Communicate with HBase: Linux Shell, Java API for Client access

  • HBase : Introduction
HBase is a type of "NoSQL" database which runs on top of Hadoop/HDFS clusters. It stores data in form of key-value pair on Hadoop distributed file system. Table schema contains number of column-family which contain  a few to hundreds of thousand or millions of column. HBase is well suited for huge data ( Tera bytes or Peta bytes or whatever you can generate today) with random read/write access. Each row contains a rowkey as identifier and can be accessed as version# when inserted multiple times. Column values are stored with TIMESTAMP, and TTL can also be set for any column-family.
  • Linux Shell
Linux Shell allows an easy access to HBase. Open a Shell/Terminal  in  your Linux system (assuming HBase is already configured on your machine), and reach to your HBase installation folder. 
Try out these commands : 
  • Start HBase
user@ubuntu~$bin/ // to start hbase/HMaster 
user@ubuntu~$bin/hbase shell // to enter into HBase shell
  • Create
hbase(main):003:0> create 'htable', 'cf' // table name:'htable' & column-family:'cf' - it is advised to have small column-family names usually 1 or 2 letter!!
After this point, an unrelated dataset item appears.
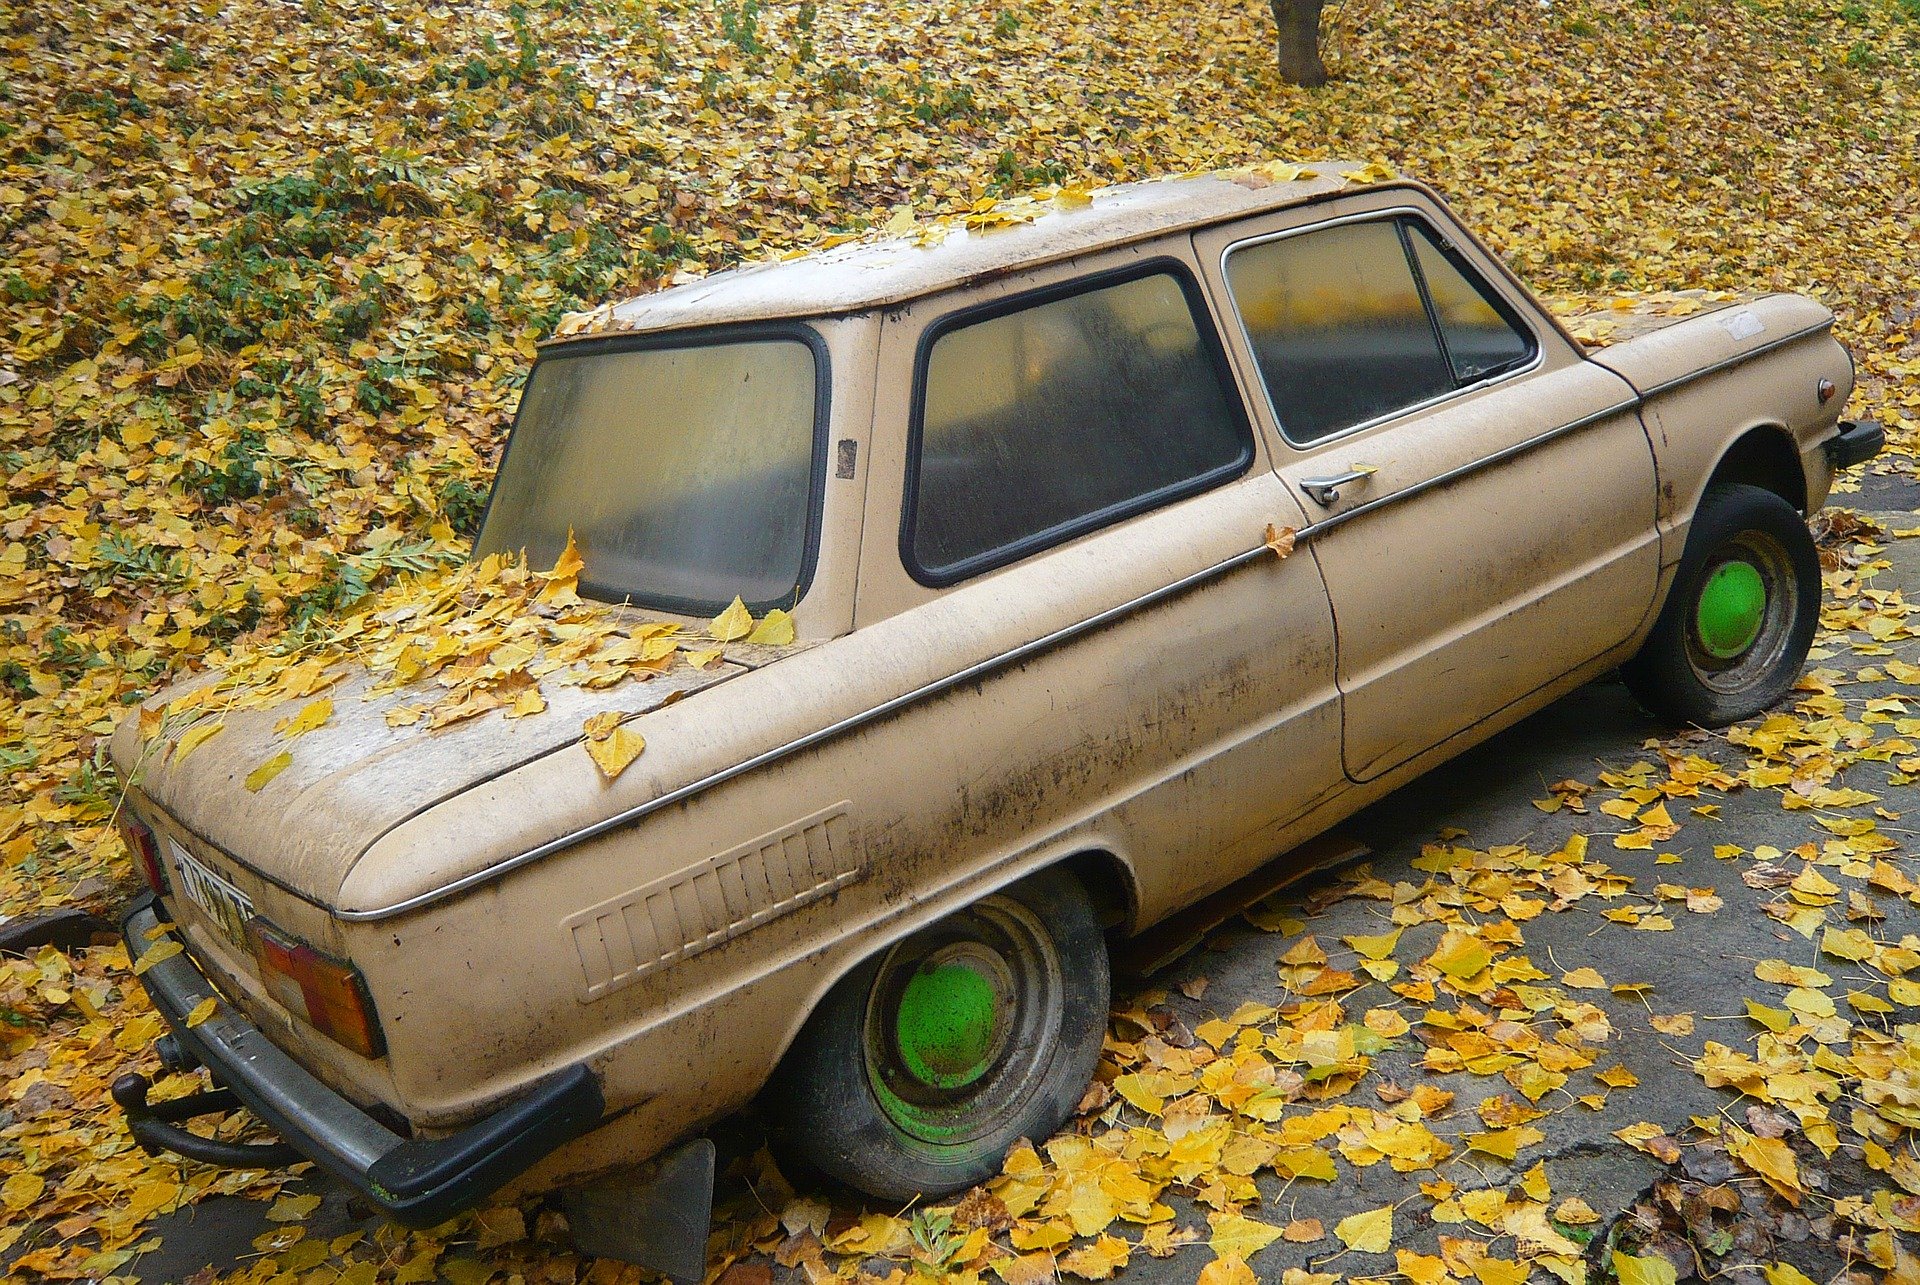 Old Car in Fall Season - VeteranCarDonations.org

0 row(s) in 1.2200 seconds.
  • Put
hbase(main):004:0> put 'htable', 'rowkey1', 'cf:qualifier1', 'value1' // rowkey:'rowkey1' & column name:'qualifier1' & column value:'value1'
0 row(s) in 1.2200 seconds.
hbase(main):005:0> put 'htable', 'rowkey2', 'cf:qualifier1', 'value2' // inserted as next row.
hbase(main):006:0> put 'htable', 'rowkey1', 'cf:qualifier1', 'value3' // inserted as next version for rowkey:'rowkey1'
any number of column/qualifier can be created while inserting data, only column-family(s) are required at the time of Table schema design.
  • Scan
hbase(main):007:0> scan 'htable' // list all Rows & Columns.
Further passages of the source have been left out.